(Corrects Sensex’s year-to-date gain in first paragraph in story published Feb. 15.)
Feb. 15 (Bloomberg) -- Indian stocks dropped for a third week as earnings at some of the country’s biggest companies missed analysts’ estimates.
The BSE India Sensitive Index, or Sensex, lost 0.2 percent to 19,468.15 at the close. The gauge declined 0.1 percent this week, paring its year-to-date advance to 0.2 percent. Reliance Industries Ltd., owner of the world’s largest refining complex, retreated to a one-month low. Dr. Reddy’s Laboratories Ltd. slid after earnings missed estimates. Tata Steel Ltd. and Bajaj Auto Ltd. fell more than 1 percent each.
Profits at 43 percent of the 30 Sensex companies trailed forecasts in the December quarter, compared with 40 percent in the previous two quarters, data compiled by Bloomberg show. The statistics office on Feb. 7 said growth this year would be the weakest in a decade and data this week showed industrial output fell for a second month in December. The Sensex trades at 13.5 times estimated earnings for the year to March 2014, compared with a multiple of 10.4 for the MSCI Emerging Markets Index.
“Valuations are not cheap and you have a slowdown which will continue to hurt,” Anand Shah, chief investment officer at BNP Paribas Asset Management India Pvt., which manages $590 million in assets, said in an interview to Bloomberg TV India. “One should not expect last year’s rally to sustain given the macro headwinds.”
The Sensex rallied 26 percent in 2012, its biggest annual gain since 2009, as the government boosted measures to revive the economy. Gross domestic product will expand 5 percent this fiscal year ending March, below last year’s 6.2 percent and the least since the 4 percent growth in 2002-2003, data showed Feb. 7. Consumer-price index reached 10.79 percent in January, the second highest in the Group of 20 major nations, data showed this week.
Inflation remains “high,” investment has declined and the “external sector is very vulnerable,” the Reserve Bank of India said Feb. 11. These risks limited the central bank to a quarter-point reduction in interest rates to 7.75 percent in January, the first cut since April last year.
Net income at Dr. Reddy’s fell 29 percent to 3.63 billion rupees, lagging behind the 4.29 billion rupees estimated by analysts. The stock decreased 3 percent to 1,818.9 rupees.
Overseas funds have still remained net buyers, plowing a net $7.85 billion into local shares this year, a record for the period, data compiled by Bloomberg show.
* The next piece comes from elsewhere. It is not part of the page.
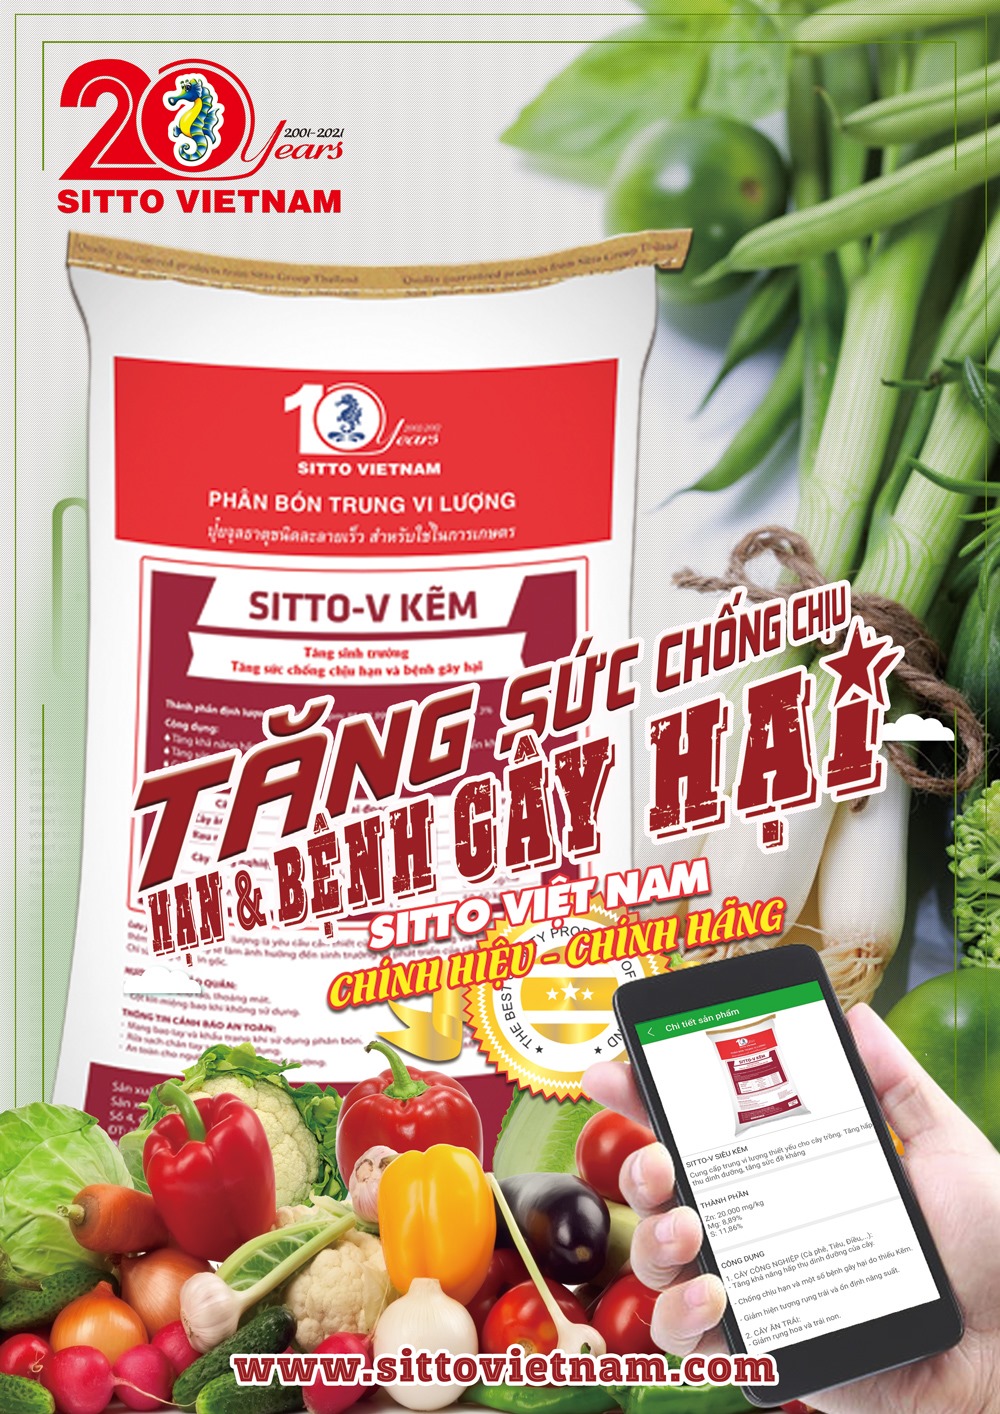 Sitto- V Kẽm (Bao 10kg) - Bổ sung vi lượng thiết yếu cho cây trồng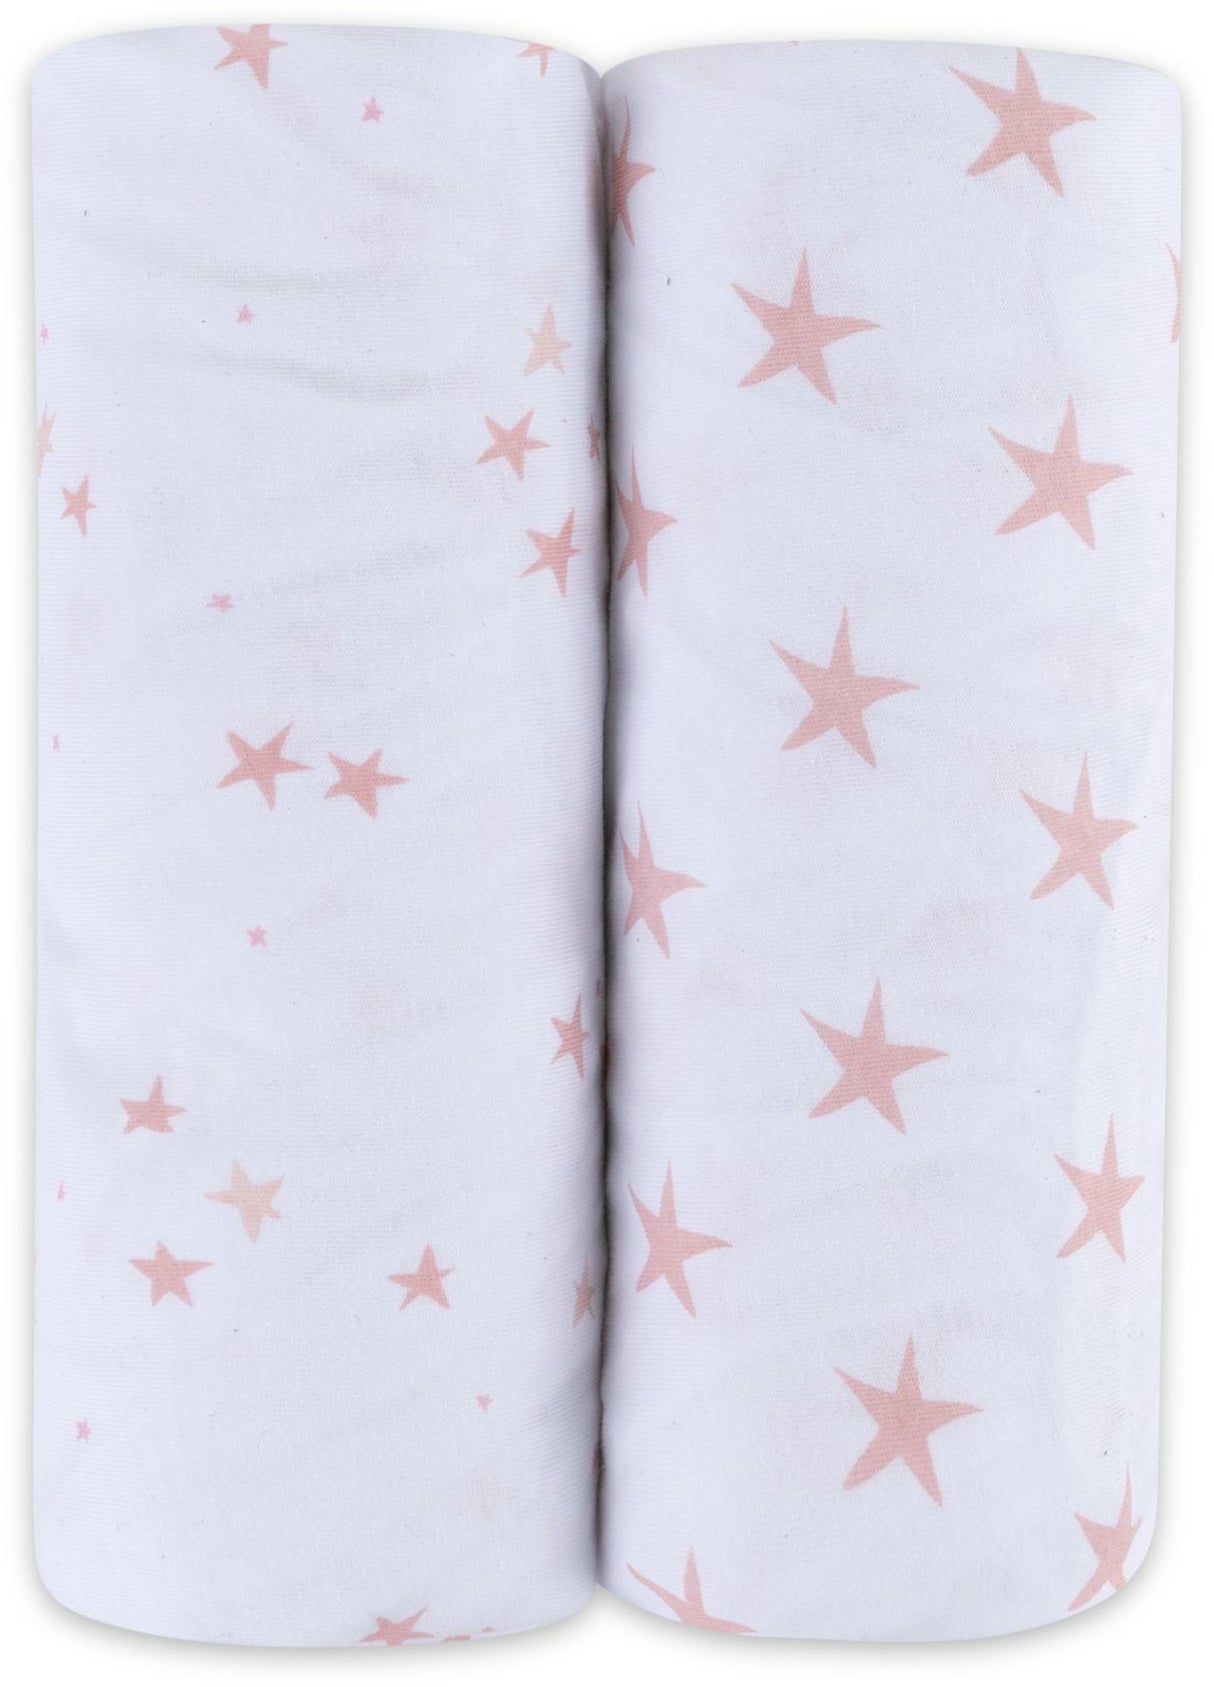 Ely's & Co Stars Crib Sheet 2 Pack

They purchased $24.5 billion of stocks last year, the highest among 10 Asian markets tracked by Bloomberg. Asian equity funds attracted $535 million in the week to Feb. 13, a 23rd week of inflows, Citigroup Inc. said in a report today.
“A massive deluge of liquidity can take the market higher in the short term, but to make a fundamental bet on the market based on the economy you would run ahead of yourself,” Prabhat Awasthi, head of equity research at Nomura Holdings Inc., told Bloomberg TV India in Mumbai today. “If the argument has been based on economic recovery, then those hopes are misplaced.”
Reliance Industries lost 1.2 percent to 845.8 rupees. Tata Steel, the biggest producer of the alloy, decreased 1.3 percent to 376.1 rupees. Bajaj Auto, India’s second-largest motorcycle maker, lost 1.6 percent to 1,970.35 rupees.
Volume on the Sensex was 16 percent less than the 30-day average at the close. The 50-stock CNX Nifty Index of the National Stock Exchange declined 0.2 percent to 5,887.4. India VIX, which measures the cost of protection against losses in the Nifty, rose 1 percent.